“有谁出于自己的利益,不愿意您与美茜蒂丝结婚吗?”
“有!一个爱着她的年轻人。”
“叫什么名字?”
“弗南。”
“这是一个西班牙名字。”
“他是迦太兰人。”
“你认为他有能力写出这么一封信来吗?”
“没有。这个人只有捅我一刀的能耐而已。”
“是呀,这符合西班牙人的天性:宁可当杀人犯,也不肯当懦夫。”
“再说,”邓蒂斯接着说道,“他并不知道告发信里的所有细节。”
“你没把这些细节告诉任何人吗?”
“没有。”
“甚至没有对你的情人说?”
“甚至没有对我的未婚妻说。”
“那么就是邓格拉斯写的了。”
“啊!现在,我相信了。”
“等等……邓格拉斯认识弗南吗?”
“不……如果……我想起来了……”
“想起什么?”
“在我订婚的前两天,我看见他俩在邦费勒老先生的凉棚下同坐在一张桌子旁。邓格拉斯态度亲切,似笑非笑的,而弗南脸色苍白,神魂颠倒的。”
“就他俩吗?”
“不。除他俩还有第三个伙伴,我很熟悉的,大概就是他让他俩认识的。此人名叫卡德罗斯,是个裁缝,不过那时他已经喝醉了。等等……等等……我怎么没想到这个呢?在他们喝酒的桌子旁边的一张桌子上,放着墨水、纸和笔。(邓蒂斯把手放在额上。)啊!无耻!无耻!真无耻!”
“你还想知道其他的事情吗?”神父笑着问道。
“想,想,既然你能把一切都分析透彻,既然你对一切事情都心明眼亮,我还想知道为什么我只被审讯过一次,为什么我没有上法庭,我又是如何没有判决便被定了罪的?”
“哦!这个嘛,”长老说道,“那就更严重些了:司法界的内幕黑暗而神秘,是难以捉摸的。我们到目前为止为你的两个朋友所作的分析好比是儿童游戏。至于这个题目,你得给我一些更确切的提示。”

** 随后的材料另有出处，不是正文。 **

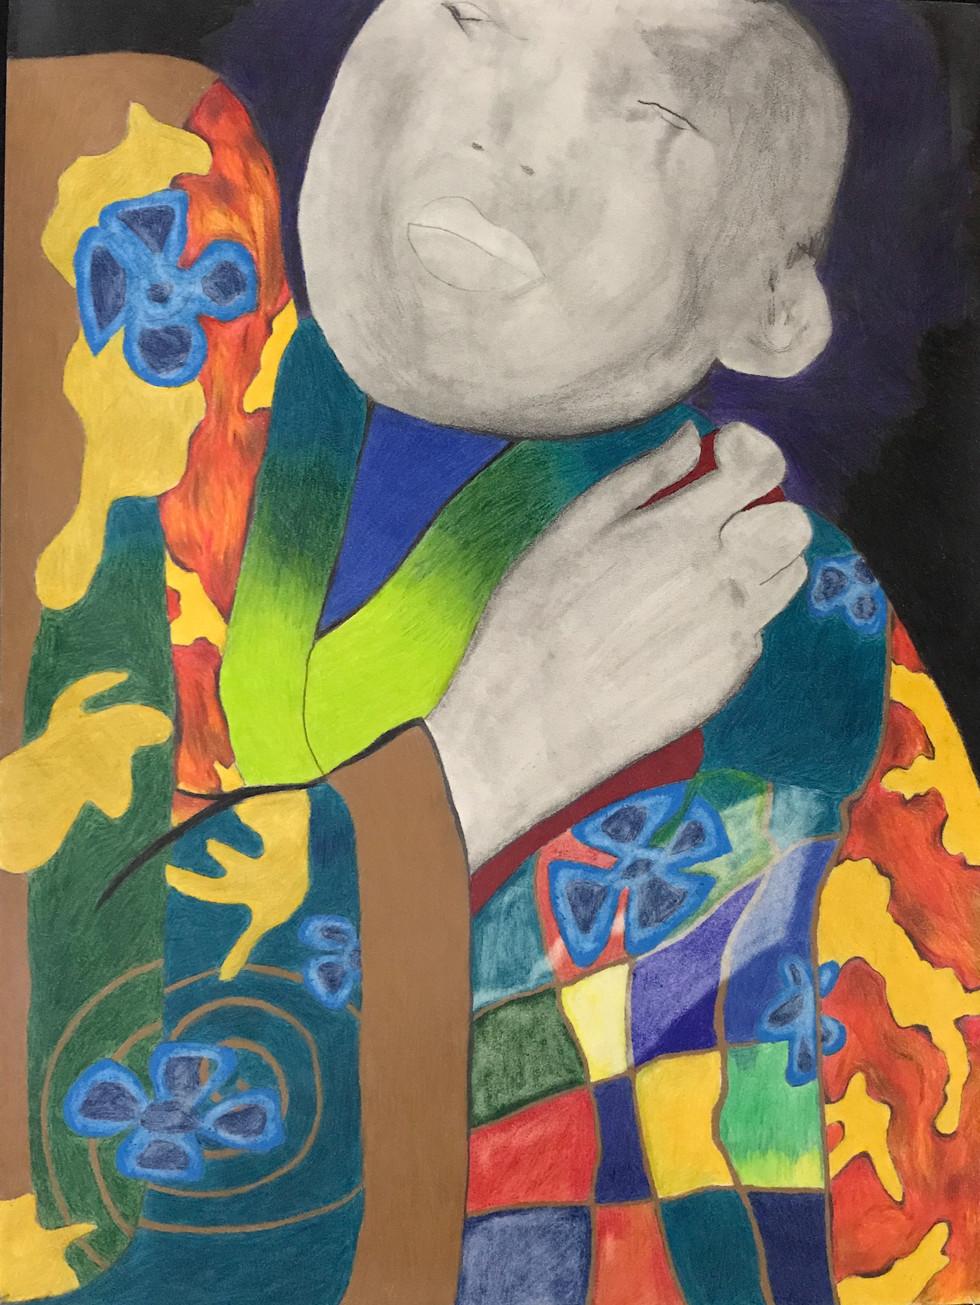 Demetri Fisher art - prolixis 4

“嗨,问我好啦。因为说真的,即便是对我自己的生活,你看得也比我本人清楚。”
“谁审讯你的?是检察官,代理检察官,还是预审法官?”
“是代理检察官。”
“年轻人还是老年人?”
“年轻人,二十七八岁光景。”
“嗯!虽然还没有腐败,但已经野心勃勃,”神父说道,“他对你的态度如何?”
“温和多于严厉。”
“你什么都对他说了吗?”
“都说了。”
“在审讯过程中,他的态度有所变化吗?”
“有过,当他阅读那封陷害我的信的时候,他显得很激动。他想到我所处的危险,似乎很难受。”
“是为你的不幸遭遇吗?”
“是的。”
“那么你相信他同情的是你的不幸吗?”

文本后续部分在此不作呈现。